I think that kind of thing would be better handled externally by applying functions like SplitApplyCombine.group to the vertices vertices(tn): https://github.com/JuliaData/SplitApplyCombine.jl#grouping.

The functions I'm discussing above are more focused on graph partitioning based on graph properties, and wrap functionality from packages like Metis.jl and KaHyPar.jl.

I could imagine a functionality like:

subgraph_vertices = [
  [(1, 1), (2, 1), (3, 1), (4, 1), (1, 2), (2, 2), (3, 2), (4, 2)],
  [(1, 3), (2, 3), (3, 3), (4, 3), (1, 4), (2, 4), (3, 4), (4, 4)],
]
dg = subgraph_connectivity(tn, subgraph_vertices)

which outputs a graph with edges indicating which subgraphs are connected to each other (like the output of the currently available subgraphs function I show above), in this case an edge 1 => 2 indicating subgraph 1 has at least one edge connected to subgraph 2. The subgraph_vertices input could then be determined using functions like partition_vertices or SplitApplyCombine.group.

Yes I think that a `partition_vertices' function which allows the user to choose partition_number vs partition_size would be helpful.

@emstoudenmire, there are a few cases from BP I can think of where partitioning by properties would be helpful..

For instance if we want to do belief propagation over a wave function tn but don't want to explicitly flatten the network due to memory overhead we can form Z = <tn|tn> without actually doing the contraction via

It is then logical to ensure those ITensors in Z which share a site index are placed into the same subgraphs and do belief propagation that way.

Additionally if we do want to efficiently do a Belief Propagation version of DMRG we would need to form (but not contract) <tn|H|tn> and again want to keep all ITensors which share site inds in the same subgraphs.

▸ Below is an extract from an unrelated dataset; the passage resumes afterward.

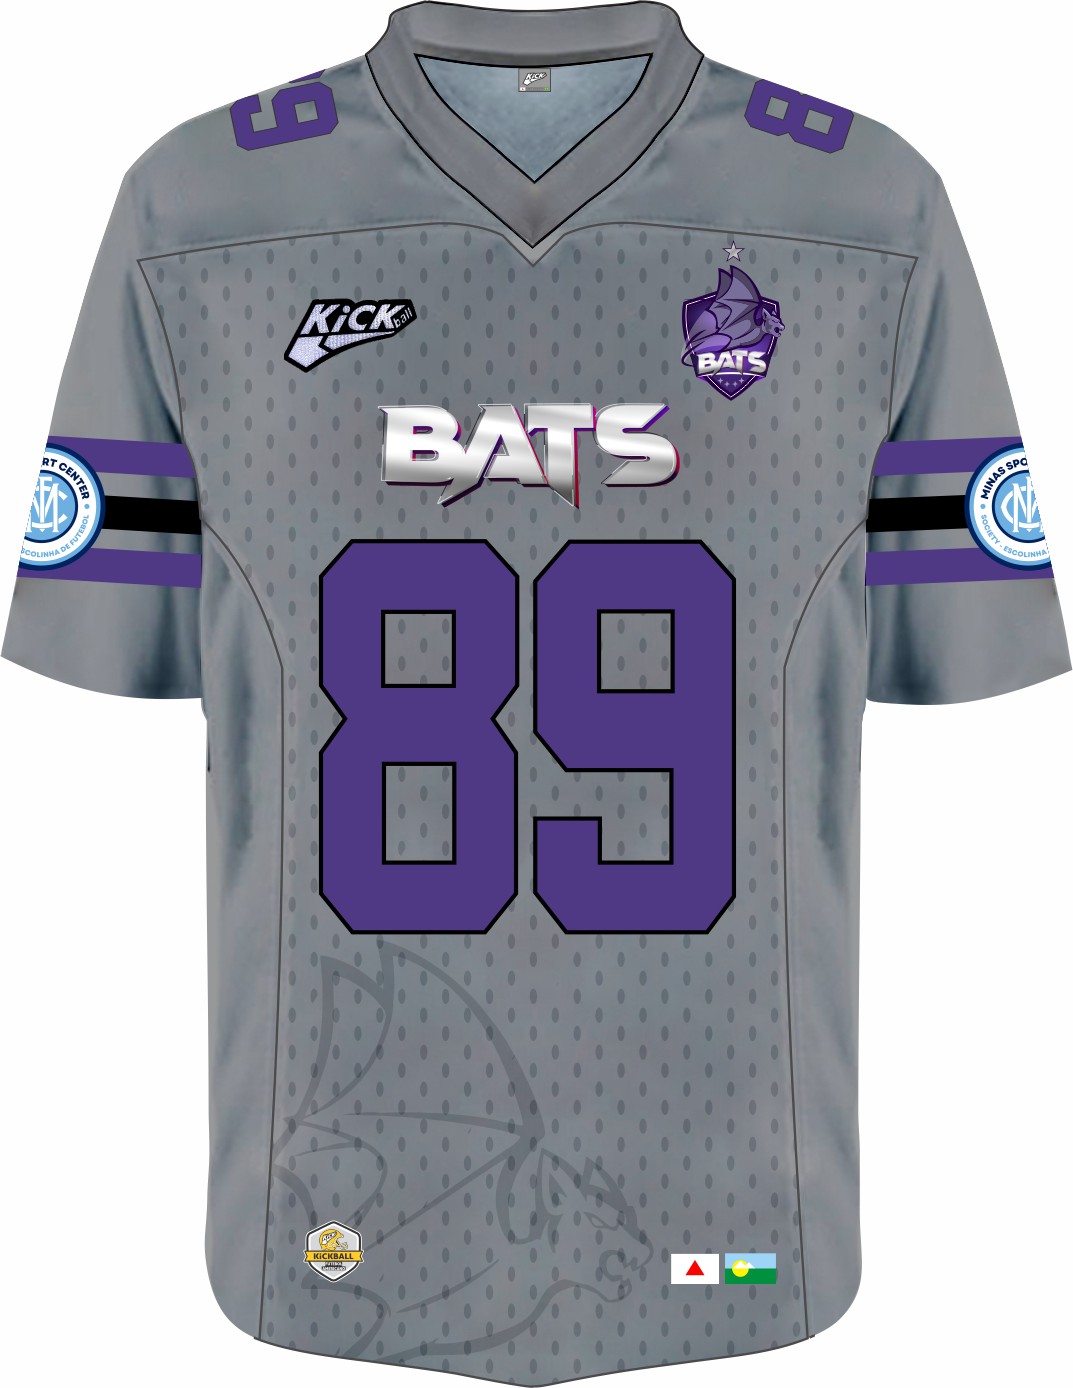 Camisa Of. Bats Futebol Americano Jersey Plus Inf. Mod3

@mtfishman In the case of Simple Belief Propagation this seems quite easily done with SplitApplyCombine.group (as those tensors which share a site index have all elements of their vertex tuple identical - other than the first). What, however, if I wanted to have larger subgraphs for GBP (e.g. 2*n ITensors of Z in each subgraph, each ITensor must share the subgraph with its conjugate ITensor, and the network of ITensors formed within each subgraph must be connected)?

Perhaps we would need to write up a function for that?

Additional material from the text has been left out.